§ **SUPPLIED MATERIAL**:
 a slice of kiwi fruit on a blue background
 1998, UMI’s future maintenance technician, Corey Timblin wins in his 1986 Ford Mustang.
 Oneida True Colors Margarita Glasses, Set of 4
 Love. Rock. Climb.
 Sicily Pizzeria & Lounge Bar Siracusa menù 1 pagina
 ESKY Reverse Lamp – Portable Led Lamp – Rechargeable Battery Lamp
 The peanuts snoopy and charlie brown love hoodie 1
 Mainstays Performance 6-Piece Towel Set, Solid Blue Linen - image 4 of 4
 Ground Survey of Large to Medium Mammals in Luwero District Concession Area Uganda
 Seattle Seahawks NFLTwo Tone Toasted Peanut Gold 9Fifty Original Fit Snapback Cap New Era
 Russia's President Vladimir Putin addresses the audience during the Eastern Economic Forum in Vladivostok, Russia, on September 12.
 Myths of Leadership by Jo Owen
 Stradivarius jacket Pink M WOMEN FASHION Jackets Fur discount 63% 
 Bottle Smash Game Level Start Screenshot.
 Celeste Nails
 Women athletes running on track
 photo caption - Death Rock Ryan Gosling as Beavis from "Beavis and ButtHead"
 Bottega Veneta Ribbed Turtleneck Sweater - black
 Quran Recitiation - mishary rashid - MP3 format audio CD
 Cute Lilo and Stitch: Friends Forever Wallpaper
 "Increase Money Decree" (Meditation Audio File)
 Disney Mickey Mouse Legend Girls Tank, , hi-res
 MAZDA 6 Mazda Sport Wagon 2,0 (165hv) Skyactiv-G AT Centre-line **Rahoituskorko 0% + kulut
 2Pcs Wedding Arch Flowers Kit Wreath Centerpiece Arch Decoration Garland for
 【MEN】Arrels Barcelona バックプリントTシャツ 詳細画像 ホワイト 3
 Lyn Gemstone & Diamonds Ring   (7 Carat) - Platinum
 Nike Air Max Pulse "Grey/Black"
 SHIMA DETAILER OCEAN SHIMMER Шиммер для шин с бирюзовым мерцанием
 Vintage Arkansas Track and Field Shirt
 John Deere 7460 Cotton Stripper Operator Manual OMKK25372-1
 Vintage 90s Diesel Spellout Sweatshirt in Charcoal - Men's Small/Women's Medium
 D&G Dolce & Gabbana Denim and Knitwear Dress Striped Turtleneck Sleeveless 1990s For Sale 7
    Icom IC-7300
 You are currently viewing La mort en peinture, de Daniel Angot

§ **PROBLEM DESCRIPTION**:
Start printing at the line with "Vintage Arkansas Track and Field Shirt" and stop after the final line of the listing above, keeping every line exact.

§ **SOLUTION TO THIS EXERCISE**:
 Vintage Arkansas Track and Field Shirt
 John Deere 7460 Cotton Stripper Operator Manual OMKK25372-1
 Vintage 90s Diesel Spellout Sweatshirt in Charcoal - Men's Small/Women's Medium
 D&G Dolce & Gabbana Denim and Knitwear Dress Striped Turtleneck Sleeveless 1990s For Sale 7
    Icom IC-7300
 You are currently viewing La mort en peinture, de Daniel Angot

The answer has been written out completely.